#

Nasıl Bir Tolerans Penceresinden Bakıyorsunuz?

Bilim Dalları
Etiketler

“Uyaran ve tepki arasında bir boşluk vardır. O boşlukta ise cevabımızı seçme gücü vardır. Cevabımızda ise gelişim ve özgürlük yatar.”

Viktor E. Frankl

Stres kaçınılmazdır ancak stres hayatımızı mahvetmek zorunda değil. Sistemimizi adrenalin ve kortizol gibi stres hormonu kokteyli ile basan ve duygusal olarak bizi tetikleyen olaylara nasıl cevap vereceğimiz konusunda özgürlüğe sahibiz. 

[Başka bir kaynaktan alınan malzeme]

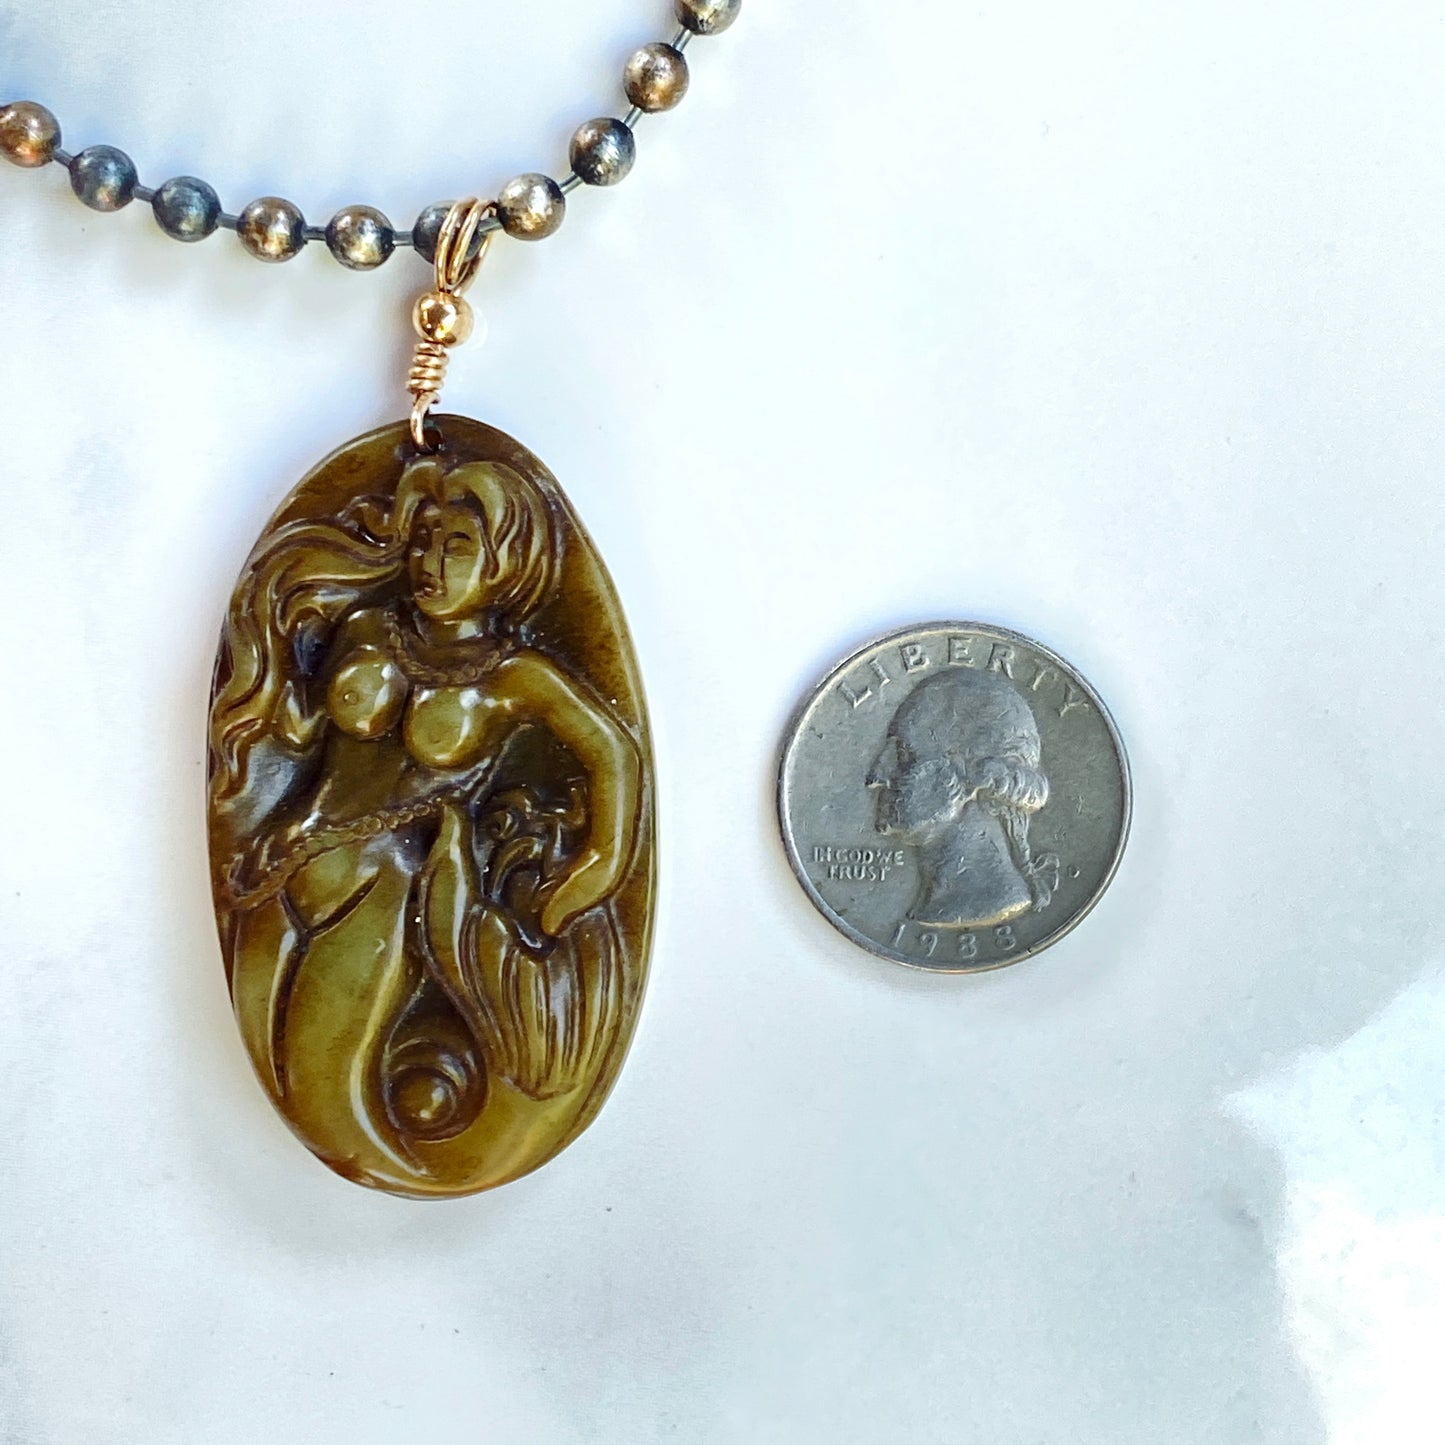 Jade Gemstone Carved Mermaid Pendant Hand Wrapped on Copper Chain

İnsan beyni ve vücudu bilinçli bir etkimiz olmadan otomatik olarak harekete geçebilen müthiş bir stres-cevap sistemiyle donatılmıştır. Ekstra bir işin üstünüze yığıldığı ya da derste pop quiz gibi bir sürprizle karşılaştığınız anları aklınıza getirin. Belki bu durumda çok sinirli hissettiniz ve canınız sıkıldı ya da çaresiz ve içe kapanmış da hissetmiş olabilirsiniz. 

Stresli işler, sürekli korna çalan bir araba ya da gecenin üçünde dışarıda havlayan bir köpek gibi olayların hepsi bizde duygusal tepkilerin açığa çıkmasına sebep olabilir. Ancak bu durum sonlandığında “normale” çabucak geri döneriz.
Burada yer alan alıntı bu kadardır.